Susceptibility of Holocene deltaic sequences for subsidence due to peat compaction

Sanneke Van Asselen, Esther Stouthamer

Chair(s): Esther Stouthamer

Tuesday 30 june 2015

14:05 - 14:25h at Asia (level 0)

Themes: (T) Special session, (ST) Deltas from multiple pressures to integrated solutions

Parallel session: 6C. Special session: Deltas - from multiple pressures to integrated solutions

Land subsidence is a major threat to hundreds of millions of people living in deltas worldwide. Natural drivers of subsidence include tectonics, isostasy and sediment compaction. Human-induced subsidence is mainly due to groundwater table lowering for land reclamation, loading by for example buildings, and extraction of oil, gas and groundwater. Subsidence due to compaction is highly variable in time and space, mainly depending on the composition of the subsurface. Holocene delta sequences are usually very heterogeneous, consisting of mixtures of sand, silt, clay and peat. Because peat is most compressible of all natural soils, especially sequences comprising thick peat layers are very susceptible for subsidence due to compaction. Peat compaction is induced by (natural or anthropogenic) loading and/or groundwater table lowering. We quantified natural peat compaction rates based on field research at different key locations in the anthropogenic Rhine-Meuse delta (NL) and a natural inland delta in the Cumberland Marshes (CA), and used these data to calibrate a new peat compaction model. Results demonstrate local subsidence due to peat compaction of up to 3 m at Holocene timescale in the Rhine-Meuse delta. Predicted subsidence rates due to peat compaction are up to 15 mm/yr at decadal timescales, following loading.
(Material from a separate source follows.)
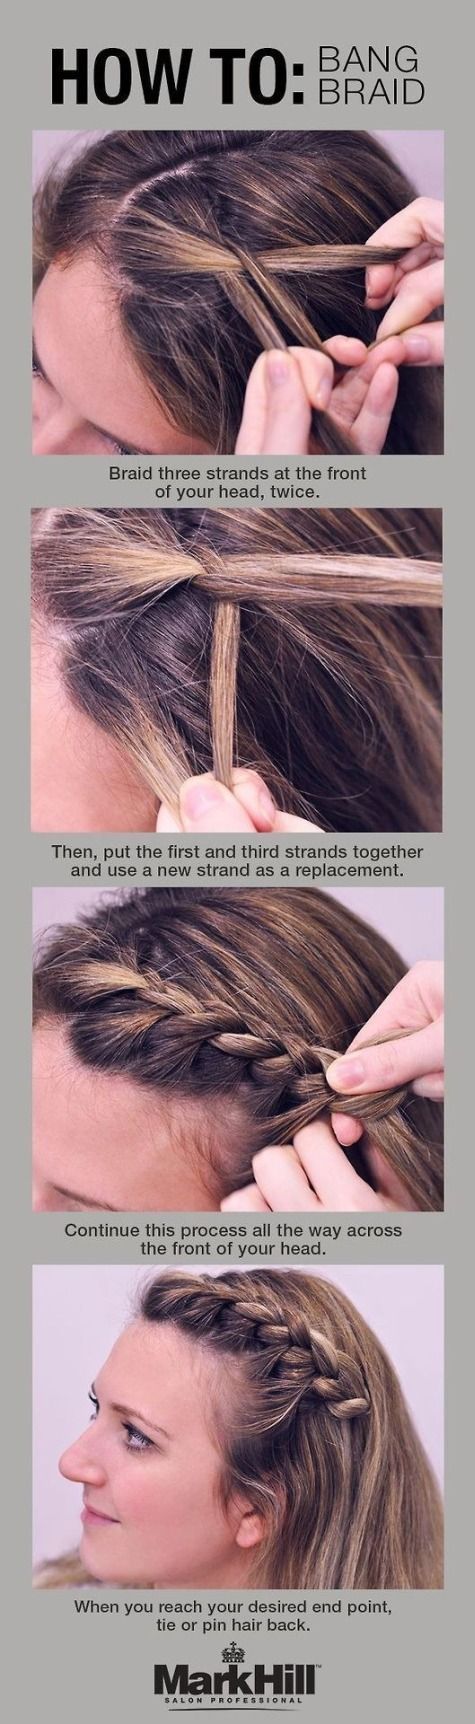 how-to-bang-braid via

The main factors influencing the susceptibility for subsidence due to peat compaction are (1) the thickness of peat layers in the subsurface, (2) the organic matter content of these layers, and (3) the effective stress, which is a function of the weight of the overburden and pore water pressure. In addition, the Holocene sedimentation and groundwater table history is extremely important, because this determines if peat layers have experienced past compaction, which influences the present susceptibility to additional subsidence due to compaction. All these variables, and in particular their spatial variability, should be taken into account in developing strategies to prevent or mitigate subsidence due to peat compaction in deltas.